The well known result, $\mathbb{E}[\text{min} \{X_i \}_{i=1}^n ] = \frac{1}{n+1}$ and $\mathbb{E}[\text{max} \{X_i \}_{i=1}^n ] = \frac{n}{n+1}$ where $X_i$ are I.I.D Uniform$(0,1)$ random variables is a lifesaver. It can be extrapolated to find the expected minimum and maximum of $n$ Uniform$(a,b)$ variables.
I tried to use it in the discrete case.

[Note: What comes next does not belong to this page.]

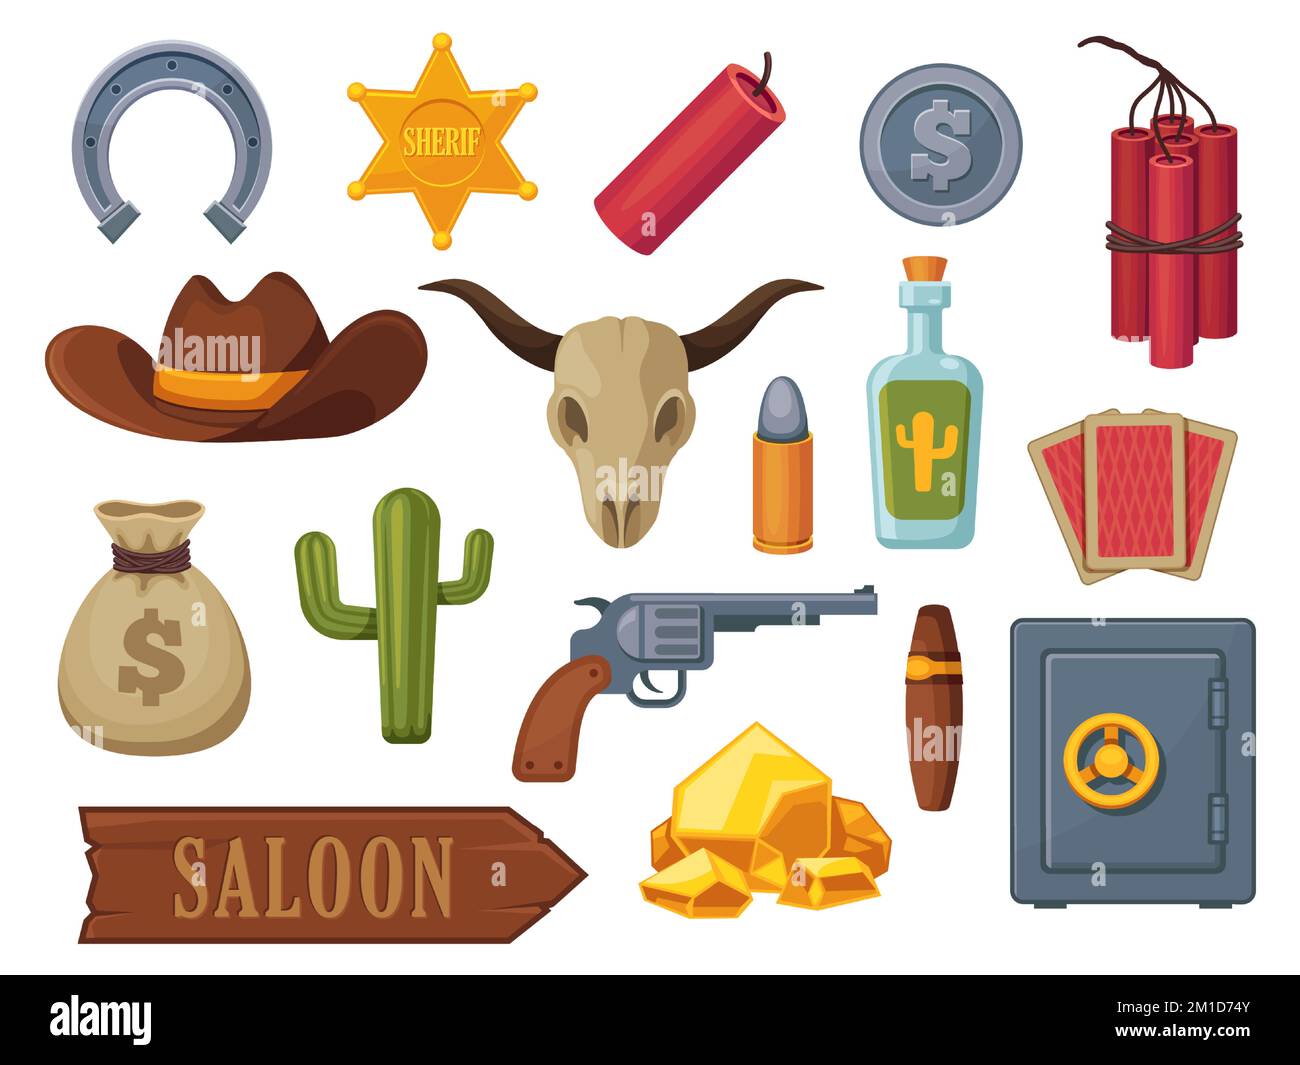 Cartoon wild west icons. Cowboy cactus rodeo saddle lasso guitar snake tequila horseshoe flat style, flat western elements. Vector colorful set Stock Vector

For example, consider the maximum of $10$ rolls of a $100$ sided die, the quick formula gives: $ \frac{10}{11}\cdot 100 = 90\frac{1}{11} \approx 90.91$. The true answer however is $91.4007585757 $ (using tail sum formula : $100 - \sum\limits_{i=1}^{99}(\frac{i}{100})^{10}$ )
Notice the approximation gives an underestimate.
Now consider using it to approximate the expected minimum.
$\frac{1}{11}\cdot 100 = 9\frac{1}{11} \approx 9.09$. The true answer however is $9.59924142434$ and again this formula under-approximates?
Why does this happen in both cases? Is there a cheeky way to tweek it for the discrete case to get a bit more accurate?
Thanks!
A little thing I have noticed that might help is the following:
The approximate min + approximate max is always $n$. However, by symmetry the true min + true max is always $n+1$. (because they are centred around the mean of $\frac{n+1}{2}$
It under-approximates because you are approximating a random variable taking values in $$ \left\{\frac{1}{k},\frac{2}{k},\dots,\frac{k-1}{k}, 1\right\} $$ by a uniform random variable, that is, uniform on $$ \left(0,\frac{1}{k}\right] \cup \left(\frac{1}{k}, \frac{2}{k}\right]\cup \dots\cup \left(\frac{k-1}{k}, 1\right]\,. $$ Viewed differently, you replace the value $$ \frac{i}{k} $$ (for $1\leq i\leq k$) by a uniformly random value in $$ \left(\frac{i-1}{k}, \frac{i}{k}\right] $$ which leads to a (small) under-approximation.